The recipe uses vegan butter and brown sugar, to produce warm gooey cookies that are great fresh (cooled) from the pan. They are bound with a ‘flax egg’ (whisking up ground linseeds with water). Flavoured with real vanilla, ginger spice and cinnamon, serve with vegan vanilla ice-cream.
pretty homemade ‘carrot cake’ vegan cookies
Who’s first to the biscuit jar? Most biscuits on sale are sold in plastic packaging and those that are vegan often have palm oil. These carrot cake cookies (Rainbow Nourishments) only need a few ingredients and are made in one bowl. And taste just like real carrot cake!

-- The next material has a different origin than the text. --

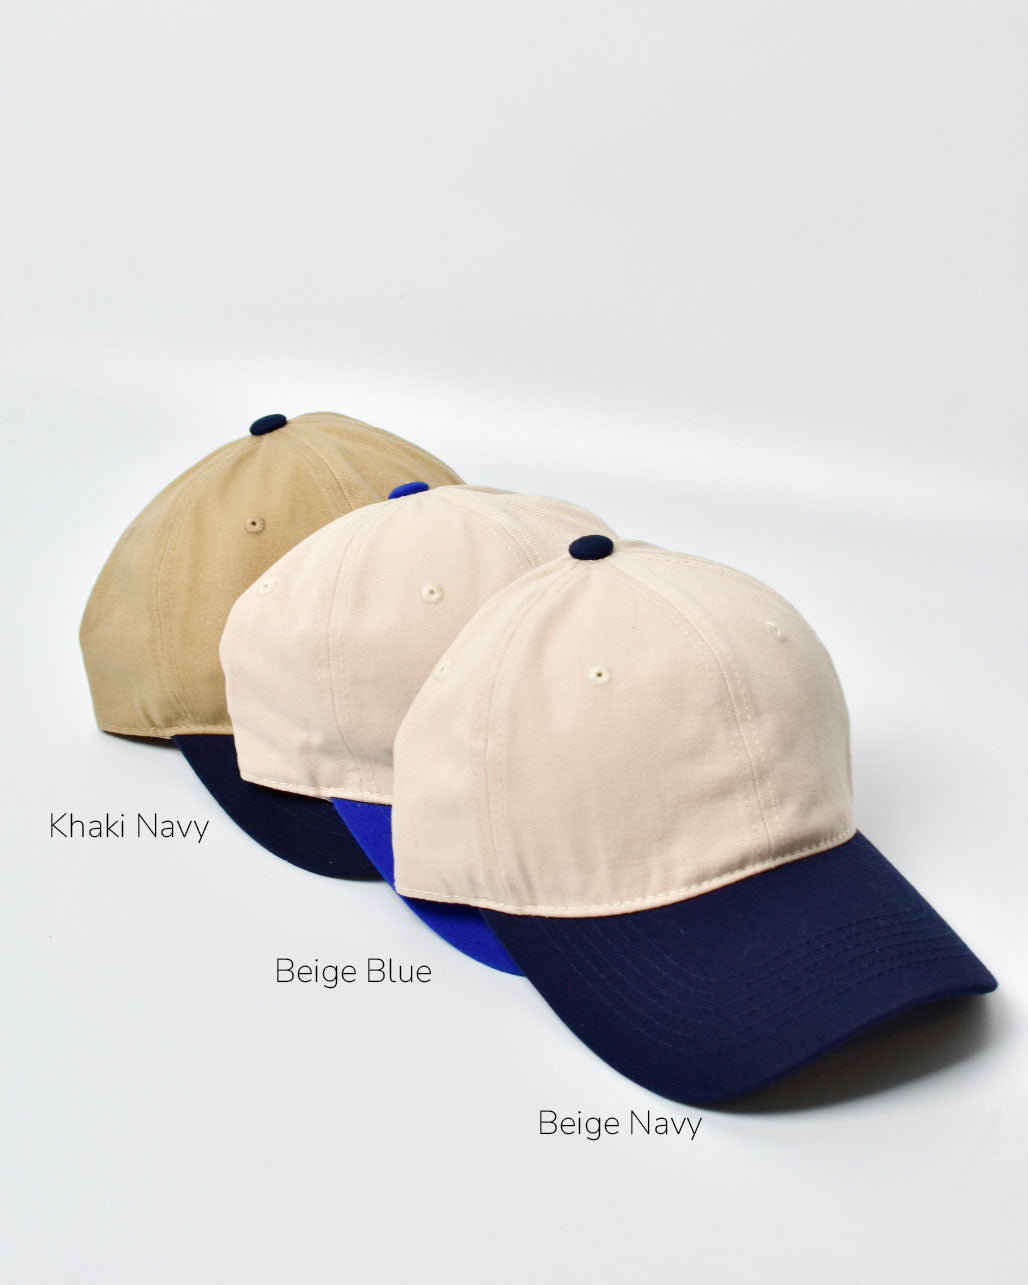 SIGNATURE / Duo-toned Khaki Navy Cap

where to buy palm-oil-free vegan biscuits
If you like to keep some ready-made cookies in the jar, here are a few brands that are not just vegan, but also free from palm oil. Recycle soft plastic packaging at supermarket bag bins.
- The Beginnings is a Latvian brand that makes healthy cookies. Flavours include caramel oat, almond pecan, blackcurrant, almond orange and coconut ginger. This company also makes healthy flapjacks.
- Snacks & More offers oat cinnamon, coconut vanilla and cocoa tahini biscuits, along with range of biscuits for children in fun animal shapes.
- Mr Organic makes biscuits in three flavours: chocolate chip, chocolate orange and double chocolate.
- Rhythm 108 is a Swiss brand that offers coconut crunch, almond biscotti and lemon ginger chia biscuits, along with softer hazelnut chocolate praline and chocolate peanut butter.